After the offer of P10-million-billion PM bonds and commercial property injection in their real estate investment trust unit, AYALA LAND, Inc. (ALI) attracted investors last week.

The Philippines Bond revealed that last week, there were 55.38 million ALI shares exchanged for P1.97 billion, the third most successful stock traded in this area between the 15th and the 19th March.

The Ayala group property business ended 6.8 percent below its P37 per share on Friday, 12 March. The price has fallen by 17.9 percent since the beginning of the year.

In the course of an interview text, Toby C. Arce, Sales Manager at Globalinks Securities and Stocks, Inc., told ALI that the AYala Group investment trust firm’s P10-billion bond sales and its commercial property injection of P15,5 milliards led to the price movement last week.

In its text message, the share movement of the stock last week resulted from the sudden rise in coronavirus disease (COVID-19) cases last week, which enabled investors to purchase ALI at a lower rate.
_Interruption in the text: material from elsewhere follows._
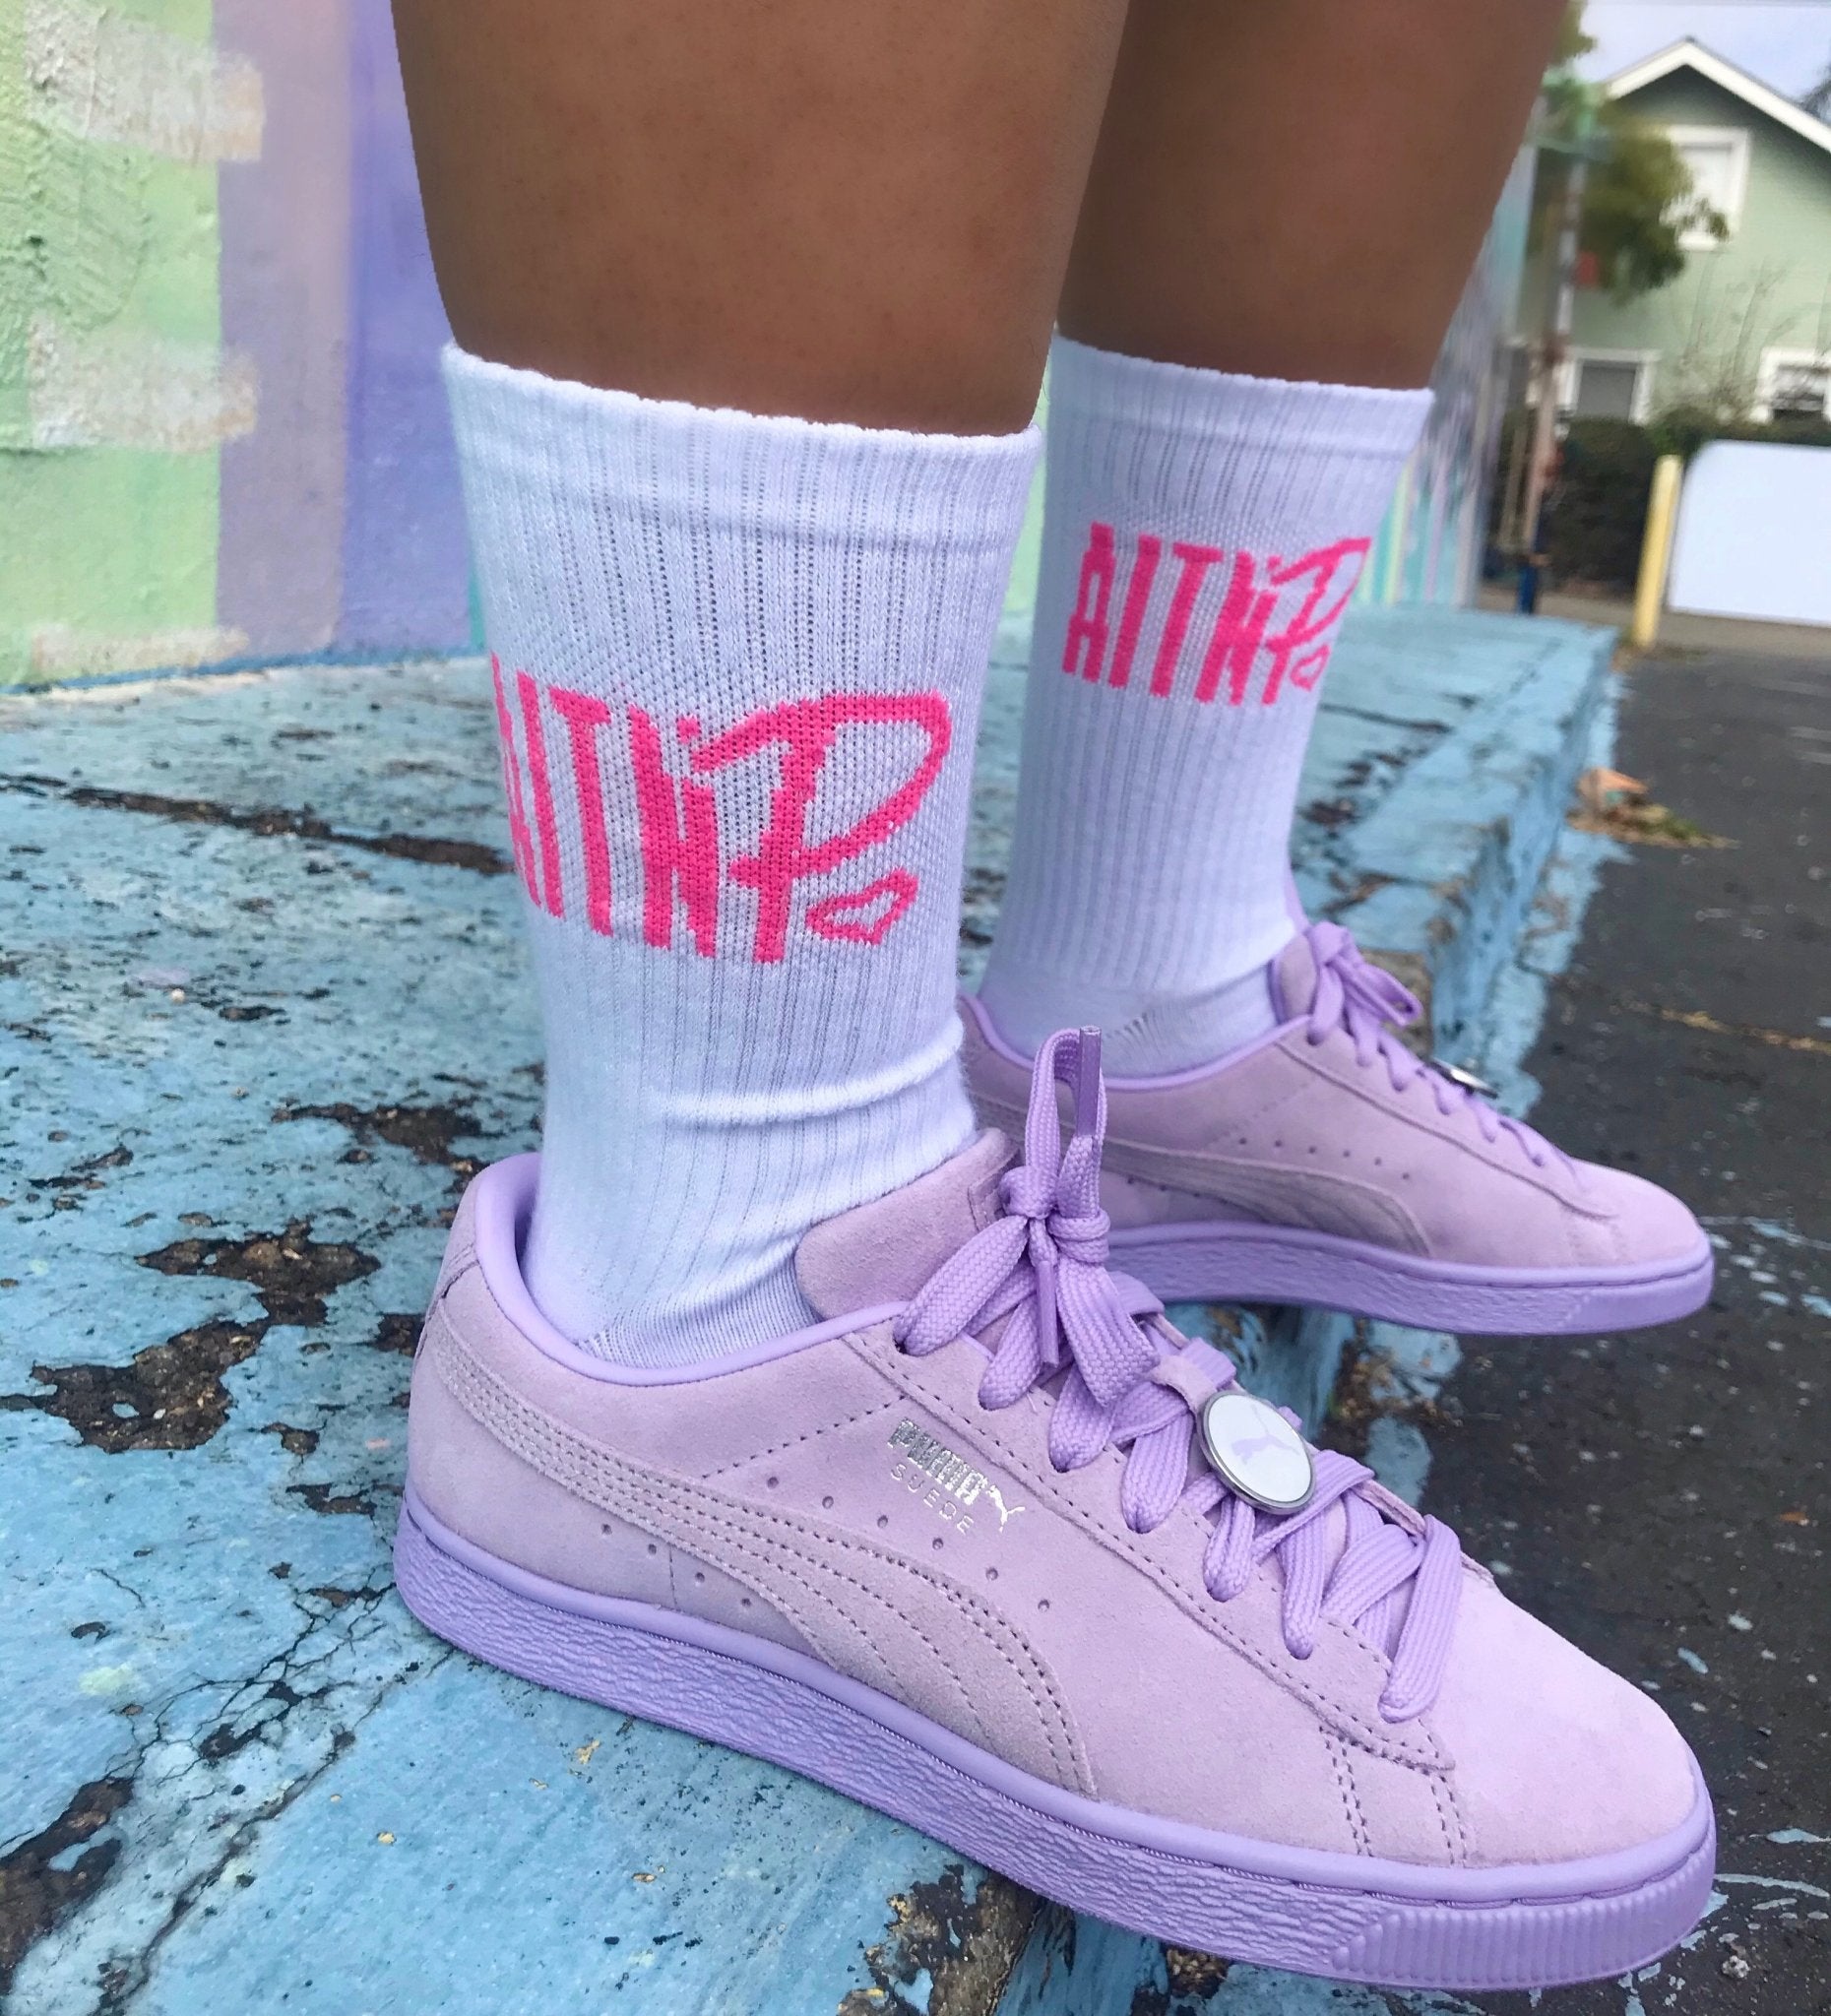 AITNP Essentials Socks - Ambition Is The New Pink

Aniceto K. Pangan said that it had been the first time the stock had been affected.

On 12 March ALI received the proposal to offer P10billion of fixed-rate bonds due in 2025 to compensate for early repayment of its 2025 fixed-rate P8-billion bills and to financed its ventures in Laguna and Cavite under the Alveo Land Unit, Inc. and in Quezon under the Avida Land Corp. The Securities and Exchange Commission also received its plans for 2025.

ALI accepted separately, in the process of a land-for-Share exchange, an injection of commercial property worth P15,46 billion in AREIT, Ink. last week in which ALI subscribes to 483,25 million primary shareholdings of AREIT Inc. at P32,00 each.

The leasing portfolio of AREIT would rise from 344 000 m2 to 549 000 m2 (2.000 m2), with a deposited asset valuation of P52 billion of P37 billion.

In addition, AREIT raised the capital stock from P11,74 billion on its approved capital to P29,50 billion.

In its annual meeting on 23 April, all companies will be subject to regulatory approval, as well as AREIT shareholders.

“ALI has particularly high value levels based on existing values. The firm trades at very high earnings ratios, with a price-to-earnings (P/E) ratio of 48.93 times expected earnings by 2020,” says Mr. Arce.

Investors use the price-to-earnings ratio in order to find the appraisal of a traded firm when referring the actual share price to the profits per share. It reflects the ability of consumers to pay by peso of sales.

Since ALI’s attributable net revenue was severely affected by the lockout constraints during the pandemic, it fell 73.7% last year to P8.73 billion, from previously P33.19 billion.

Nevertheless, Mr. Arce said ALI is still fundamentally powerful.

“Ayala Land has recognised COVID-19 as a major danger that impacted its company by 2021 in 2020. The pandemic’s lessons will enable the company to strengthen business continuity plans,” he said.

This year, he sees ALI rebounding to P23.151 billion, and in 2022 to P30.529 billion, with a gradual turnaround in the economy.

Mr. Pangan, for his part, said immobilization business feelings were diminished by the rise in infection rates of COVID-19 as this contributed to tighter constraints, which contribute to economic deceleration.

“The net profits would, in principle, be another problem this year, based on how the epidemic will be managed and the economic operation will become normal,” he added.

Mr Pangan predicts the immediate amount of ALI help to be P33 and the immediate resistance to P36.75 this week.

Mr. Arce said that ALI can still surpass its output in the weeks or months to come, although P37-P38 are resistant.